Dermatologic: Acne, allergic reaction, erythema, erythema multiforme, erythema nodosum, hypertrichosis, pruritus, urticaria.
Central Nervous System: Migraine headache, paresthesia, seizure, stroke, syncope.
Psychiatric: Anxiety, irritability, mood changes, psychosis.
Visual Disorders: Abnormal accommodation, cataract, eye pain, macular edema, optic neuritis, photopsia, posterior vitreous detachment, retinal hemorrhage, retinal thrombosis, retinal vascular spasm, temporary loss of vision.
Cardiovascular: Arrhythmia, chest pain, edema, hypertension, palpitation, phlebitis, pulmonary embolism, shortness of breath, tachycardia, thrombophlebitis.
Musculoskeletal: Arthralgia, back pain, myalgia.
Hepatic: Transaminases increased, hepatitis.
Neoplasms: Liver (hepatic hemangiosarcoma, liver cell adenoma, hepatocellular carcinoma); breast (fibrocystic disease, breast carcinoma); endometrium (endometrial carcinoma); nervous system (astrocytoma, pituitary tumor, prolactinoma, neurofibromatosis, glioblastoma multiforme, brain abscess); ovary (luteoma of pregnancy, dermoid cyst of the ovary, ovarian carcinoma); trophoblastic (hydatiform mole, choriocarcinoma); miscellaneous (melanoma, myeloma, perianal cysts, renal cell carcinoma, Hodgkin’s lymphoma, tongue carcinoma, bladder carcinoma): and neoplasms of offspring (neuroectodermal tumor, thyroid tumor, hepatoblastoma, lymphocytic leukemia).
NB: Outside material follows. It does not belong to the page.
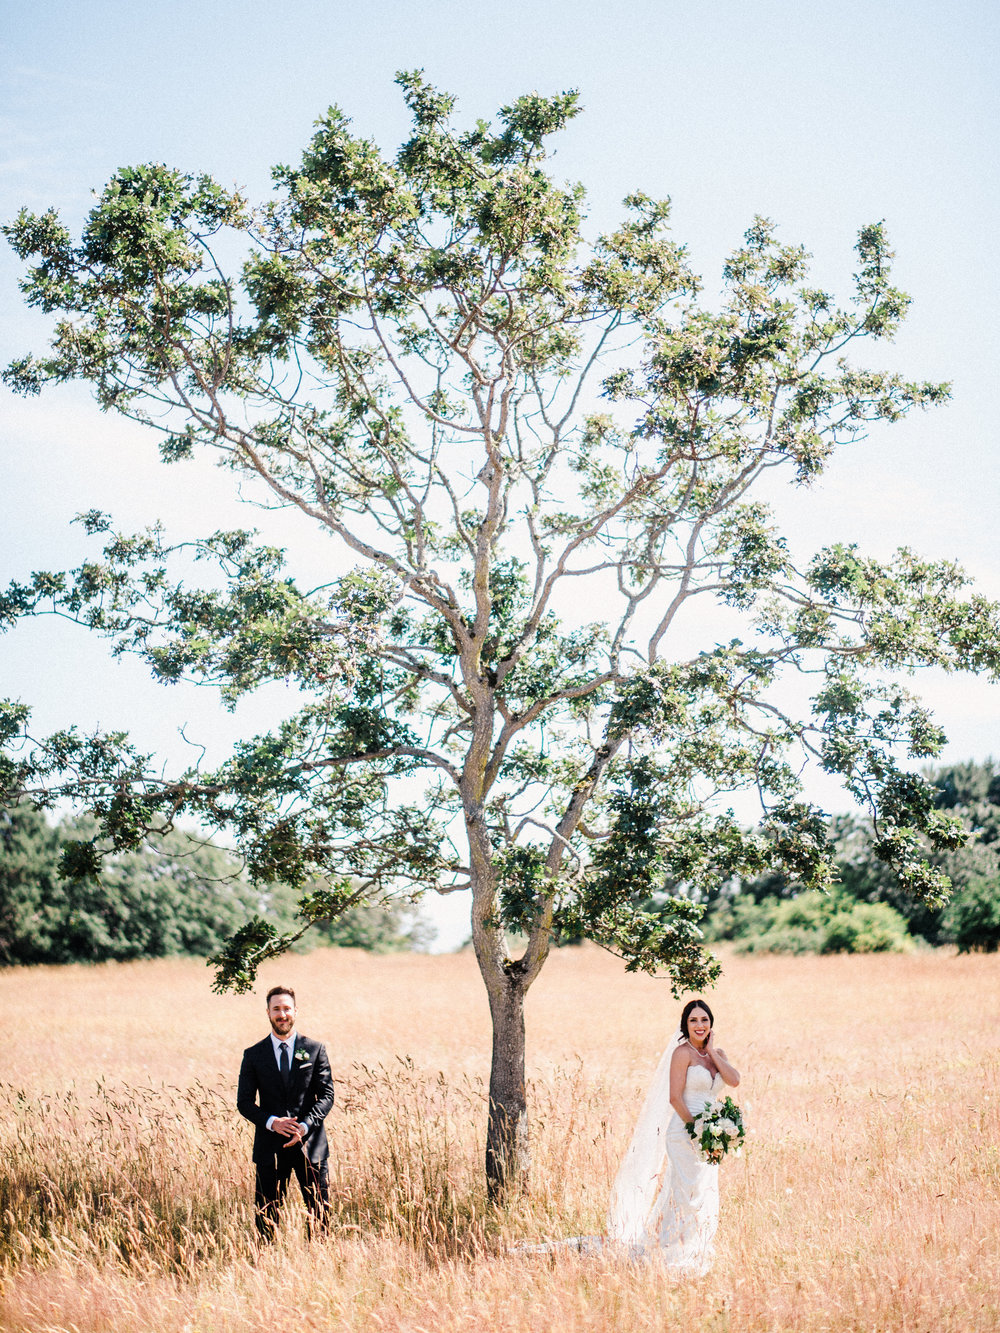 hatley-castle-empress-hotel-victoria-bc-wedding-ryan-flynn-photography-tl-portraits-0191.JPG

Genitourinary: Endometriosis, ovarian cyst (ovarian enlargement or cysts could, as such, be complicated by adnexal torsion), ovarian hemorrhage, tubal pregnancy, uterine hemorrhage.
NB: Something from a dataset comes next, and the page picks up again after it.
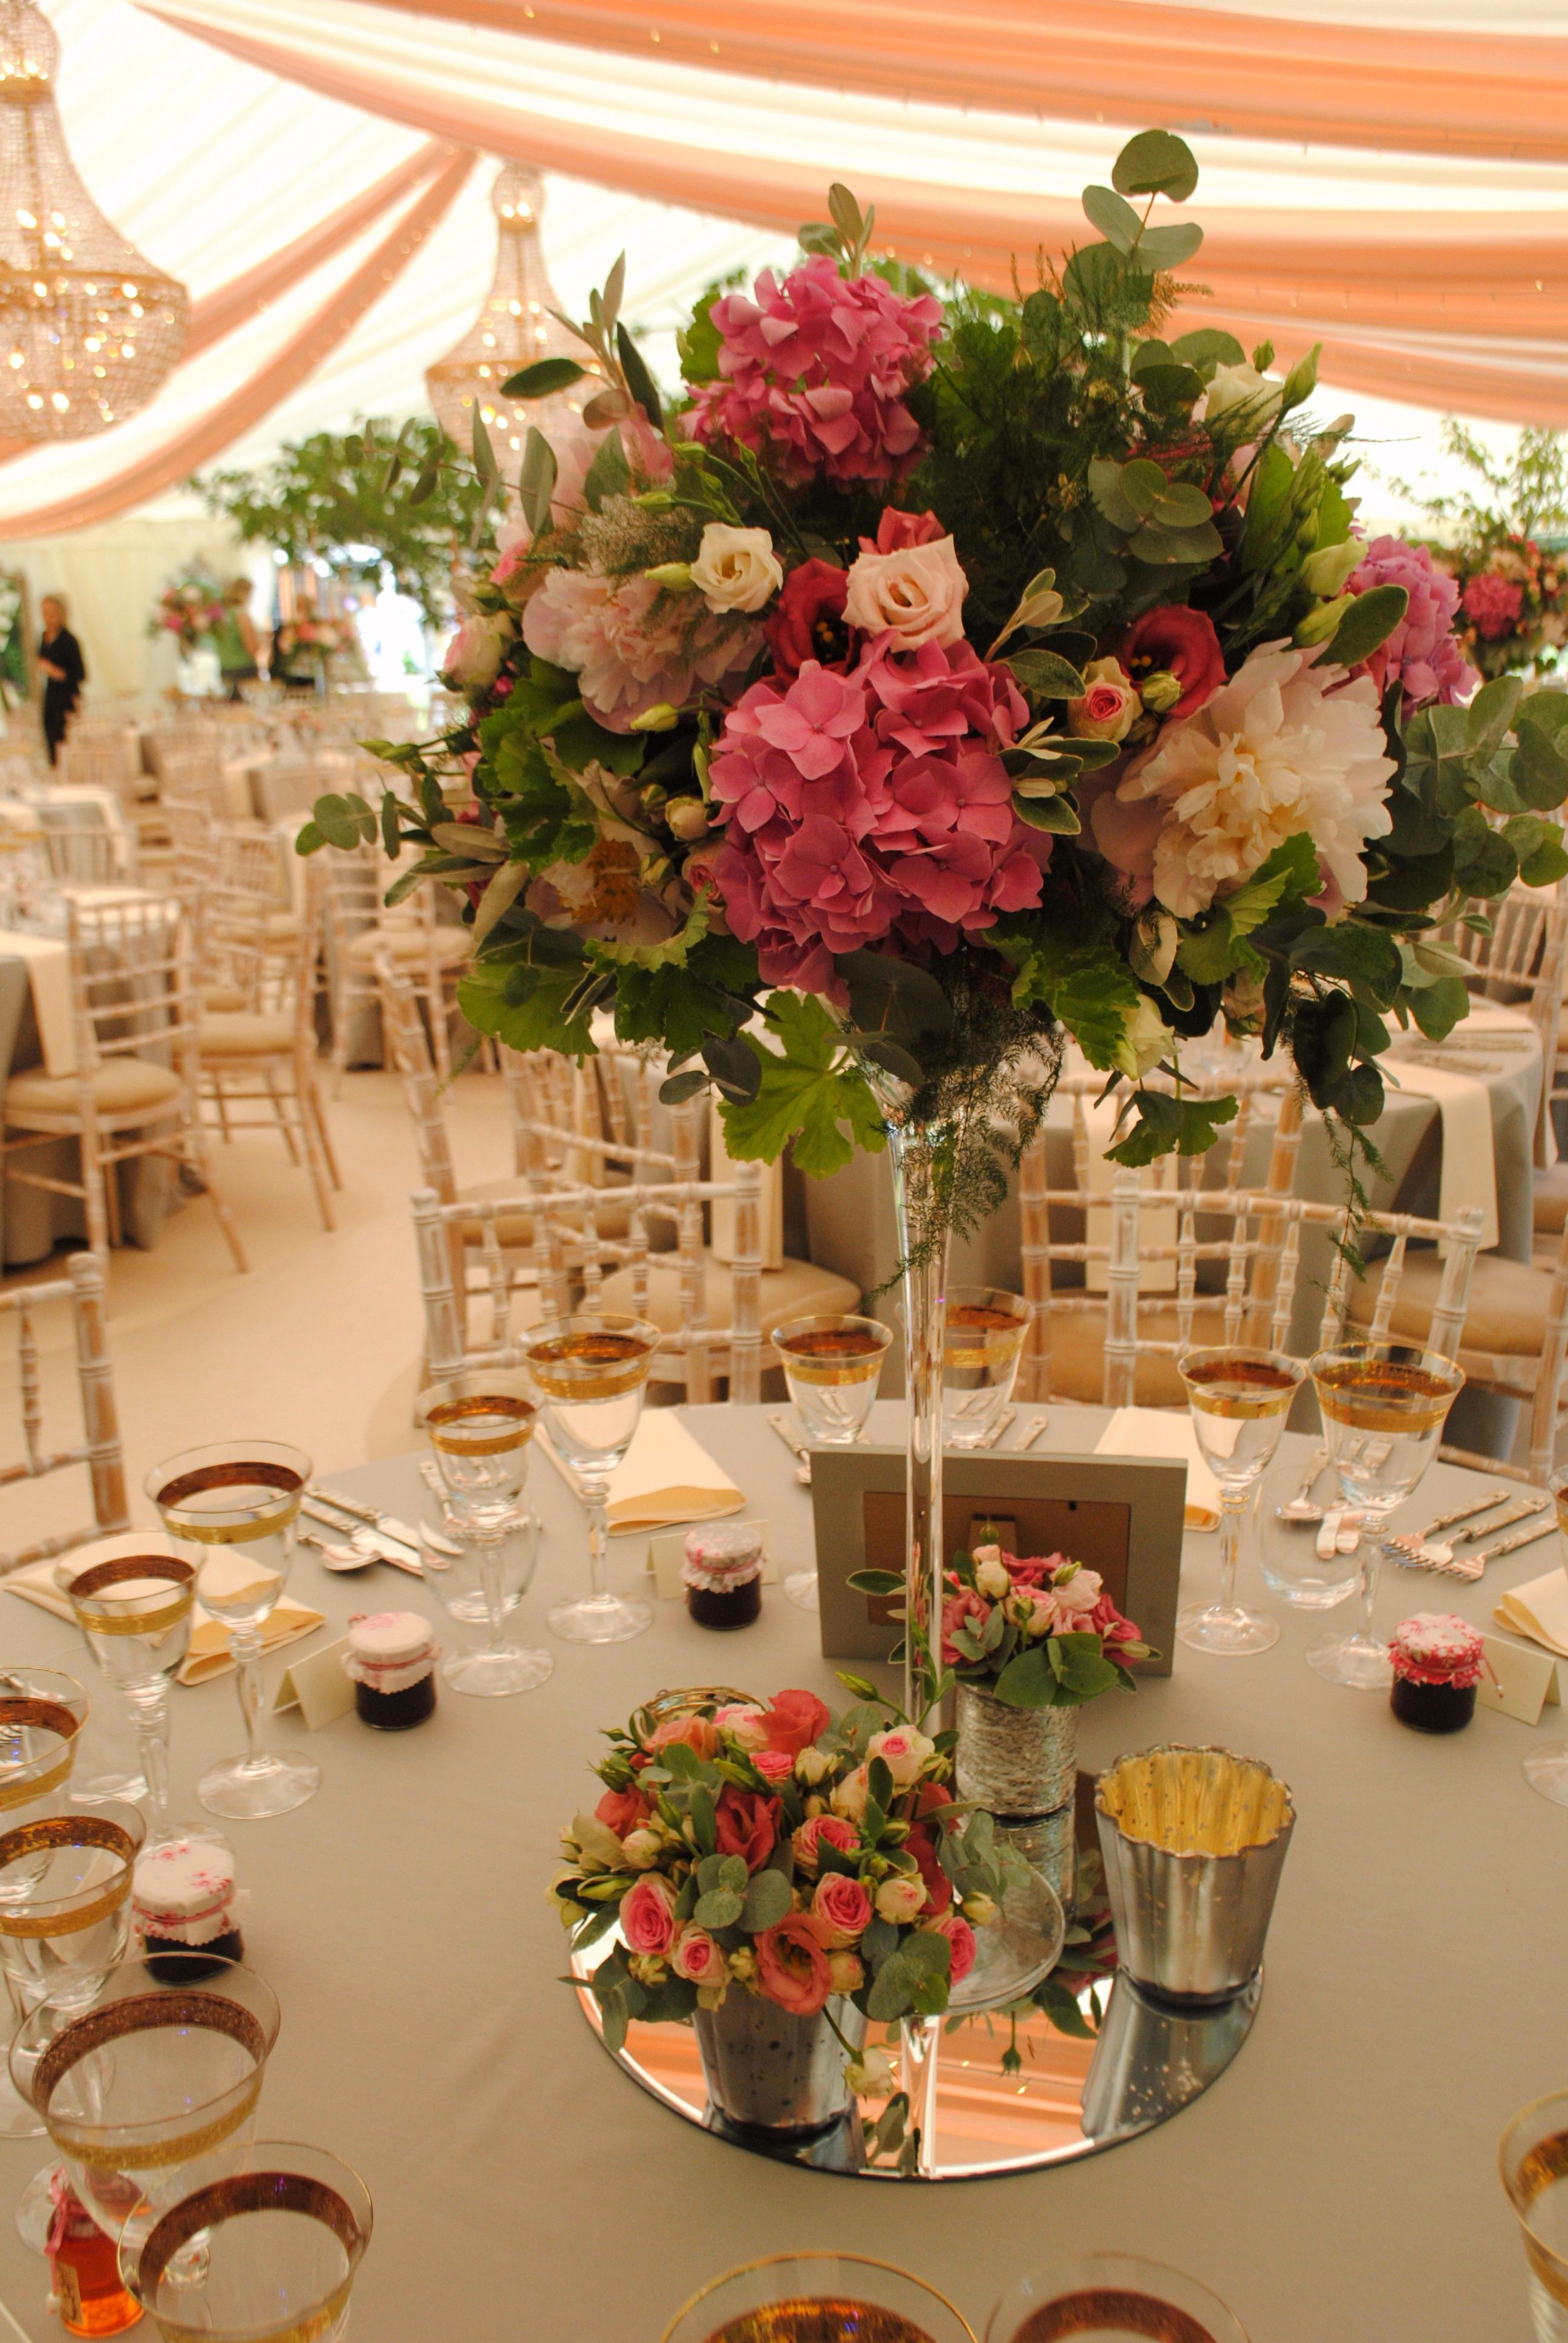 traditional dutch tulip vases of flower arrangement in vase best of wedding flower design regarding flower arrangement in vase best of wedding flower design inspirational flower arrangement picture

Body as a Whole: Fever, tinnitus, weakness.
Other: Leukocytosis, thyroid disorder.
DRUG ABUSE AND DEPENDENCE: Tolerance, abuse, or dependence with clomiPHENE citrate has not been reported.
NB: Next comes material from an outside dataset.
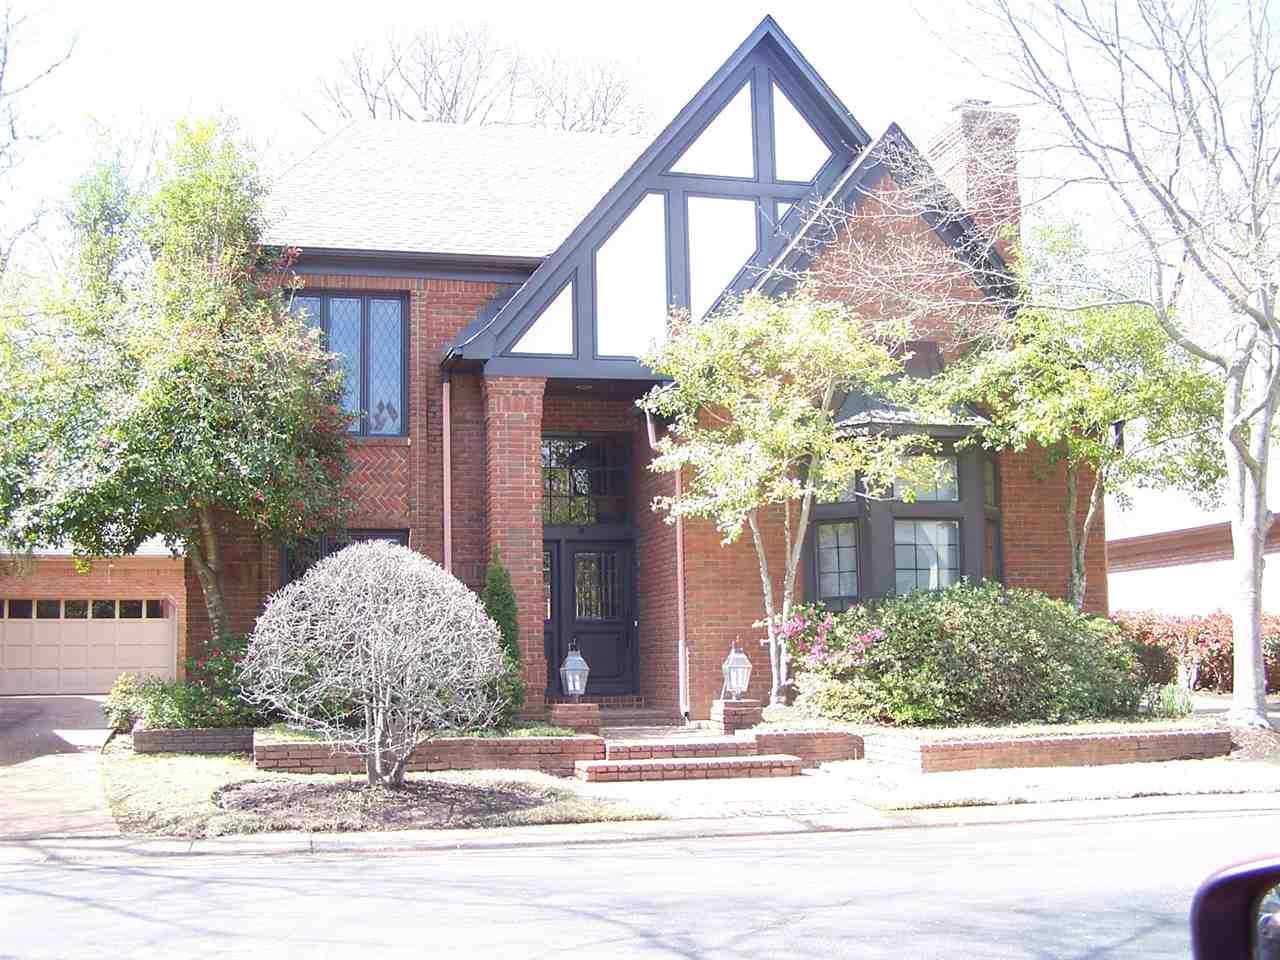 937 W RIVERWALK DR, Memphis, TN 38120

OVERDOSAGE Signs and Symptoms: Toxic effects accompanying acute overdosage of clomiPHENE citrate have not been reported. Signs and symptoms of overdosage as a result of the use of more than the recommended dose during clomiPHENE citrate therapy include nausea, vomiting, vasomotor flushes, visual blurring, spots or flashes, scotomata, ovarian enlargement with pelvic or abdominal pain.
Oral LD50:The acute oral LD50 of clomiPHENE citrate is 1700 mg/kg in mice and 5750 mg/kg in rats. The toxic dose in humans is not known.
Dialysis: It is not known if clomiPHENE citrate is dialyzable.